OKLAHOMA CITY — A group of liquor stores in the state are challenging a pending move to allow the sale of wine and full-strength beer sales in convenience and grocery stores.
Voters in the general election in November approved the ballot measure, known as State Question 792 (SQ 792), marking the first time Oklahoma's liquor laws have been updated in roughly six decades. The changes go into effect in October 2018.
However, The Retail Liquor Association of Oklahoma (RLAO) and Joseph P. Richard, owner of Cache Road Discount Liquor and Wine in Lawton, filed the lawsuit against the Oklahoma Alcoholic Beverage Laws Enforcement (ABLE) Commission on Dec. 19 in Oklahoma County District Court, according to The Oklahoman.

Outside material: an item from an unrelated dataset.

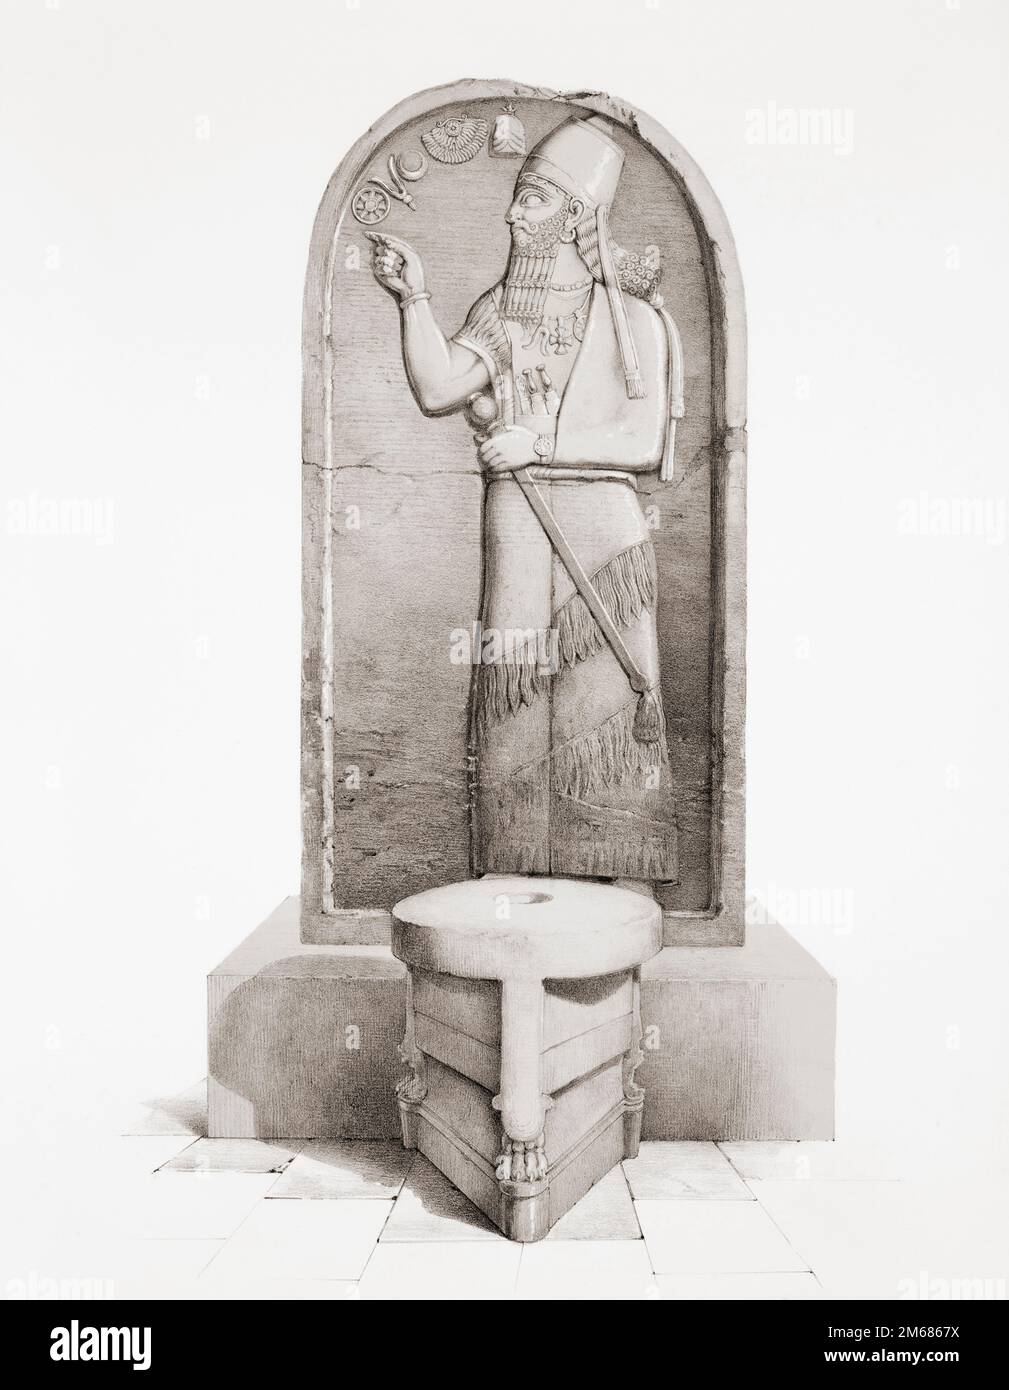 Die Stela von Shamshi-Adad V hinter einem Opferaltar aus Nimrud, dem antiken Assyrien, dem modernen Irak. Shamshi-Adad V war König von Assyrien von 824 - 811 v. Chr., dem Jahr seines Todes. Die fast 2 Meter hohe Sandsteinstela befindet sich jetzt im British Museum, London. Nach einem Werk aus dem 19. Jahrhundert von Sir Austen Henry Layard. Stockfoto

The plaintiffs are seeking a court order to stop the Oklahoma ABLE Commission from implementing the many changes to state alcohol laws that are part of the ballot question.
The liquor store owners argue in the lawsuit that SQ 792 is unconstitutional under the Fourteenth Amendment of the U.S. Constitution, which guarantees equal protection for all under the law, the news outlet reported.
While SQ 792 allows convenience and grocery stores to operate an unlimited number of locations that can sell wine and beer, the measure limits liquor stores to just two locations, said Bryan Kerr, president of the RLAO.
"We don't believe the state can show a compelling interest in regulating grocery and convenience stores differently than it does liquor stores," Kerr said.
The Yes on 792 campaign, which promoted the ballot measure, said in a statement to the news outlet that it believed the measure would withstand any legal challenge. The Yes on 792 campaign is a coalition of businesses but its largest backer is Wal-Mart Stores Inc.
"Oklahoma consumers made their wishes known at the voting booth with their overwhelming support of modern beer and wine laws. In a last-ditch effort, RLAO has countered with a lawsuit, which we believe is meritless. If a business chooses to sell spirits, they must abide by different rules. SQ 792 is a commonsense law that will stand up to scrutiny," the Yes on 792 campaign said.